Ferrari’s return to form could not have come at a worse time for the rookie championship leader. The growing expectations of his prodigious talent, his appetite for success and the hopes of a nation could be a recipe for a sublime debut home win – or a bitter defeat.
Will Hamilton win his maiden home race? Or are Ferrari unstoppable? Read our British Grand Prix preview and predict the podium below.
Despite numerous revisions and tweaks over the years the Silverstone configuration still clings to its heritage as a high-speed venue. Copse, Becketts, Stowe and Bridge are some of the best quick corners in F1 and among the finest places to see F1 cars in action on the calendar.
The unfortunate side effect of that is that there are few places where modern cars can get close enough to pass. Last year’s race provided ample proof of that: Michael Schumacher was unable to pass Kimi Raikkonen until the pit stops; Juan Pablo Montoya was the only leading driver to make a pass – and that came after a safety car restart when he mugged a dozing Rubens Barrichello.
As with Sunday’s French Grand Prix, wet weather is expected, and if it comes it could turn the entire race on its head.
But there was no disguising the fact that Ferrari had struck a vital blow against McLaren, and behind Hamilton’s bolkd claims that he will lead a fight back at Silverstone, the Woking team may in fact be looking at damage limitation.
The pressure on Hamilton to extend his astonishing run of podium finishes at home will be gigantic. But as he showed in GP2 last year, he thrives on the cheers of the crowd.
Renault’s claims of a breakthrough in performance were not much in evidence at Magny-Cours. Admittedly Heikki Kovalainen was taken out through no fault of his own, but the Renaults did not look like challenging BMW in the race.

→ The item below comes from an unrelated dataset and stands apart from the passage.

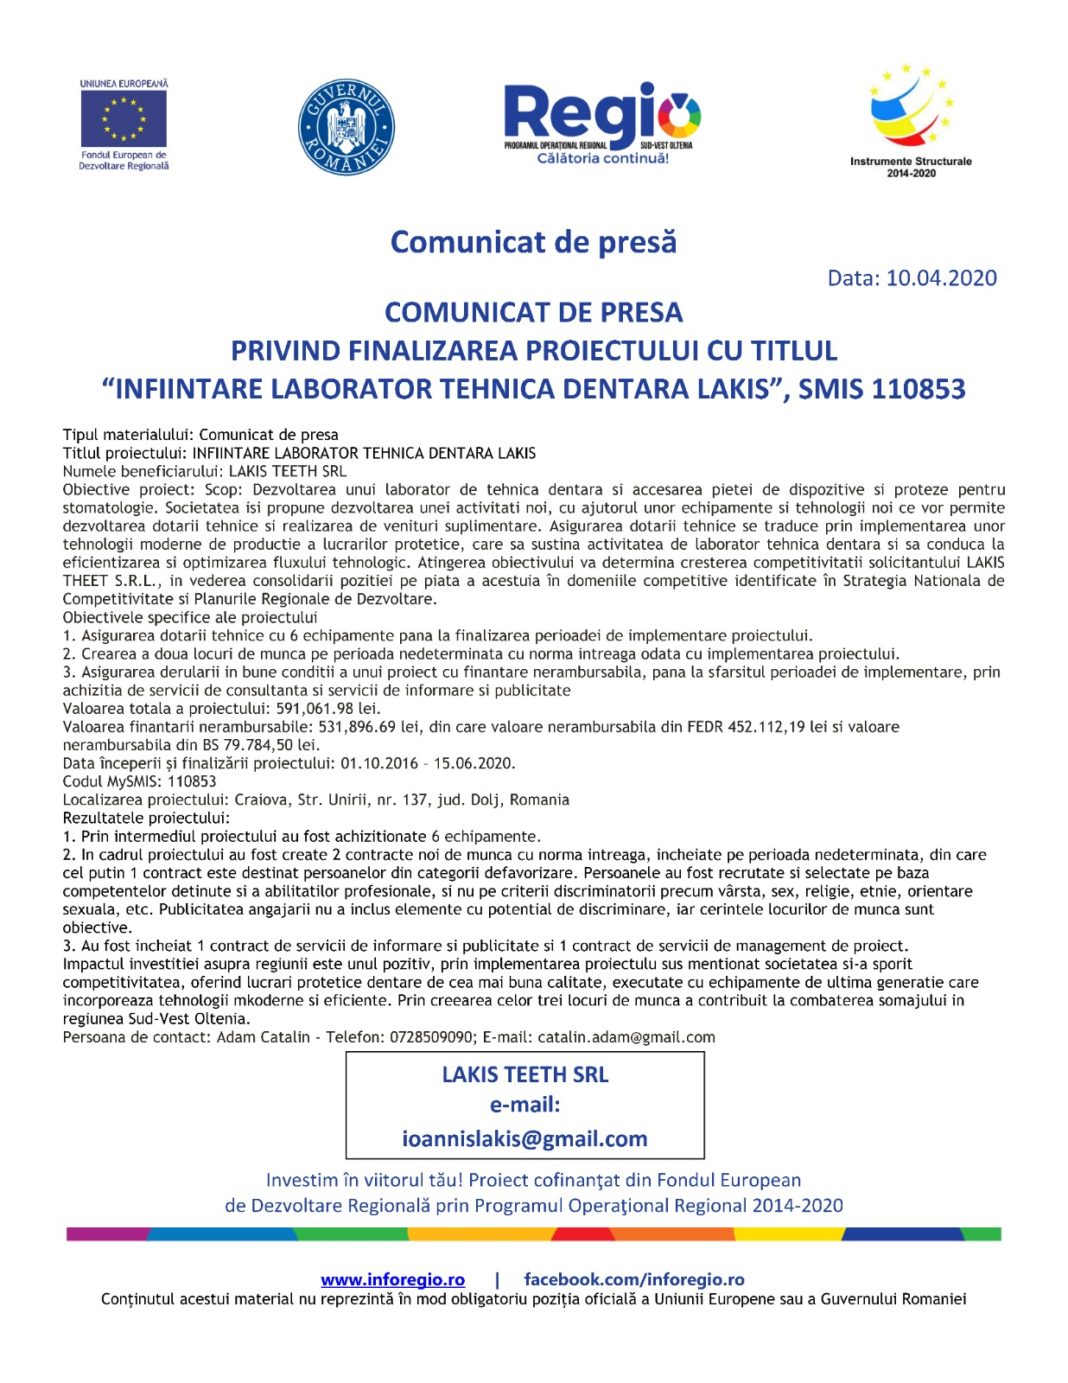 COMUNICAT DE PRESĂ PRIVIND FINALIZAREA PROIECTULUI CU TITLUL “ÎNFIINȚARE LABORATOR TEHNICĂ DENTARA LAKIS”, SMIS 110853

There’s relief at Maranello having halted McLaren’s three race run of one-two finishes. The surprise at Magny-Cours was that Raikkonen was allowed to pass Felipe Massa via the pit stops, suggesting that – for the first time in 12 years – both Ferrari drivers are being allowed to fight for the championship.
It’s great to see and the Scuderia are to be applauded for it. But if Raikkonen wants to haul in that gap to Hamilton, he needs to start scoring big against the Briton. Striking a blow at Hamilton’s home race would be a good start.
Breakthrough! Honda promised an improved car at France, they delivered, and Jenson Button converted it into their first point – just in time for his home race. We could see a repeat of 2005 when the team started poorly but rallied magnificently in the second half of the year.
Clearly Robert Kubica suffered no ill-effects from his Montreal crash – he rocked up at Magny-Cours and set his best ever qualifying position.
The delicious battle between he and team mate Nick Heidfeld (still waiting for an ’08 contract) may now resume. Heidfeld needs to assert his advantage from the first quarter of the season to guarantee his indispensability for next year.
Toyota have targeted a points finish at Silverstone but they’re struggling as their midfield rivals move forward. Honda are now a threat as well as Red Bull and Williams. But as ever, there’s no promise of imminent progress.
The difficulties of passing at Silverstone gives Jarno Trulli a credible chance of converting his typically above-average qualifying into a couple of points, however.
Two-time British Grand Prix winner David Coulthard can count on the support of the crowd to give him a boost – but even as he closes on a contract extension for 2008 he knows he must maintain the pressure on Mark Webber.
Magny-Cours may have set a few alarm bells off at Williams. The team were out of the points on a day when a Renault and a Toyota were compromised. And Alexander Wurz once again failed to get past the first part of qualifying. A continuation of the trend at Silverstone could mean they’re in for a barren summer.
Scuderia Toro Rosso-Ferrari
Another race, another double DNF. Vitantonio Liuzzi was blameless in his crash, however. Scott Speed pulled up with a failure in the seamless-shift gearbox that has given Red Bull headaches. Reliability at Silverstone may be the limit of their aspirations.
Too far behind any other car on the grid to mount much of a fight, Spyker can only hope to maintain some dignity. Christijan Albers blew those hopes to smithereens when he left the Magny-Cours pit lane with the fuel rig still attached.
The Dutchman is under increased pressure as his performances relative to rookie Adrian Sutil have not been good enough.
An inauspicious race for Anthony Davidson ahead of his first home F1 Grand Prix – running Liuzzi off at turn one. He badly needs a result as he hasn’t shown up as well against team mate Takuma Sato as many expected him to this year.